私は領主っぽい人をターゲットに絞り、声をかけて店まで誘導し、褒めて持ち上げて、娘さんにとか奥様に、とか言いながら着物を売り捌く。
その中でミヤビが良い仕事をした。
ミヤビのセンスが抜群だったのだ。
相手の特徴をつかまえて、相手に似合う事細かな色味や色彩、肌触り、などを説明し、またそのアレンジ方法なども教えていた。
さすが呉服屋の娘。
その知識は、私なんかとは比べ物にならなかった。その説明に納得した何人かが見事に着物を手に取り購入して行った。
「ミヤビ。あなたやるじゃない。凄いわ」
私がそう言うと、ミヤビは照れたように小さく笑った。
「接客するのは初めてですから、緊張しました。でも、アスカさんの接客を見て、私感動しました。一人のお客様にあんな高額な着物を二つも購入して貰えるなんて。

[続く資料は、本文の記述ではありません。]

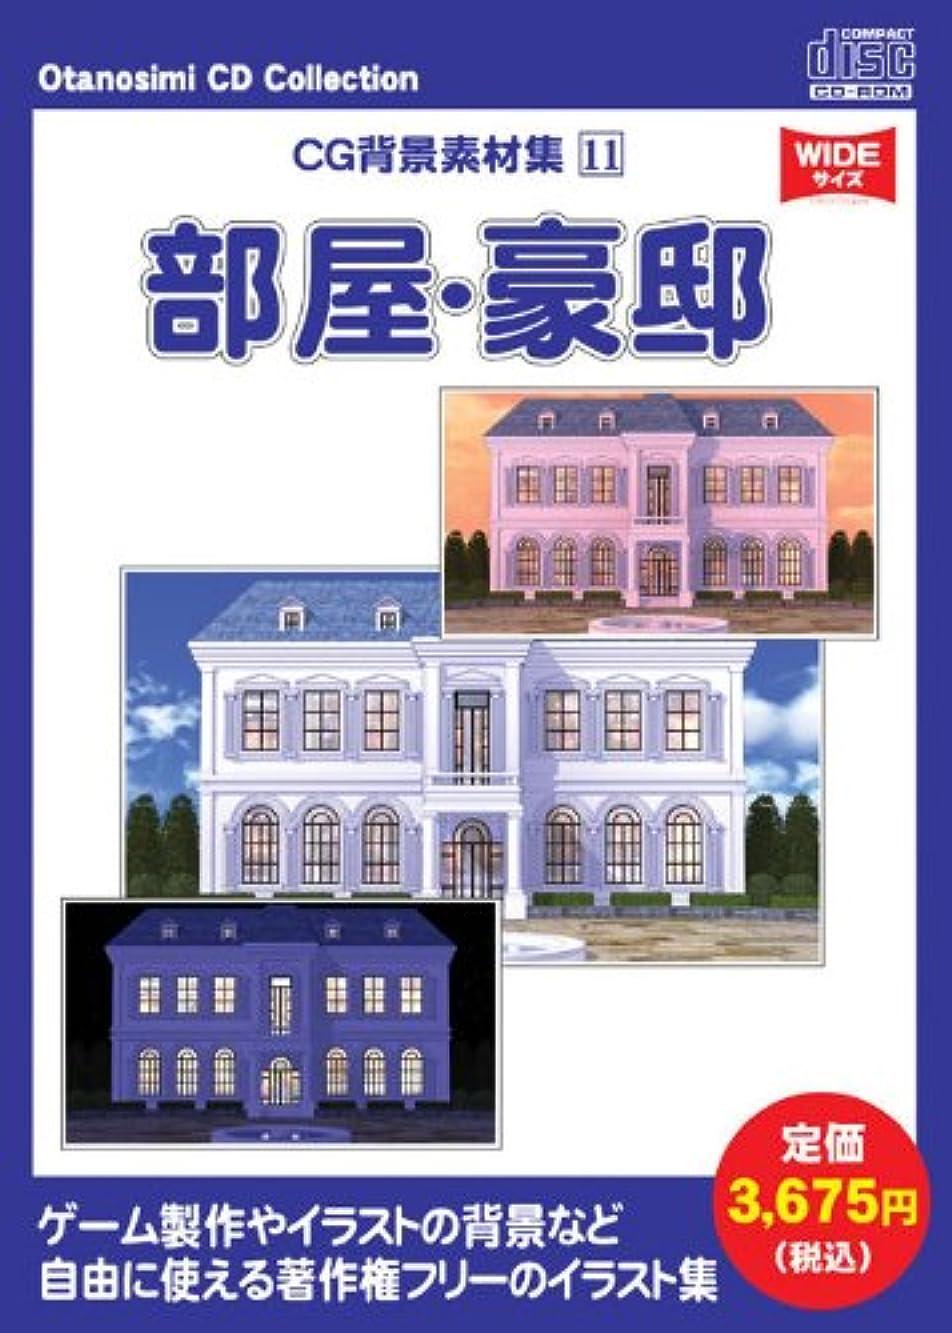 作り純正モールお楽しみCDコレクション 「CG背景素材集 11 部屋?豪邸」

恥ずかしいとか、緊張するとか、そんな事言っていられないと思ったんです。でも、私はアスカさんみたいに美人じゃないですから、出来る事を一生懸命やろうと思って……」
その健気さにうるっと来てしまった。
ごめん、そんな純粋なあなたに腹黒の健気見せちゃって。
どうか私のようにはならないで貰いたい。
そう心の中で願った。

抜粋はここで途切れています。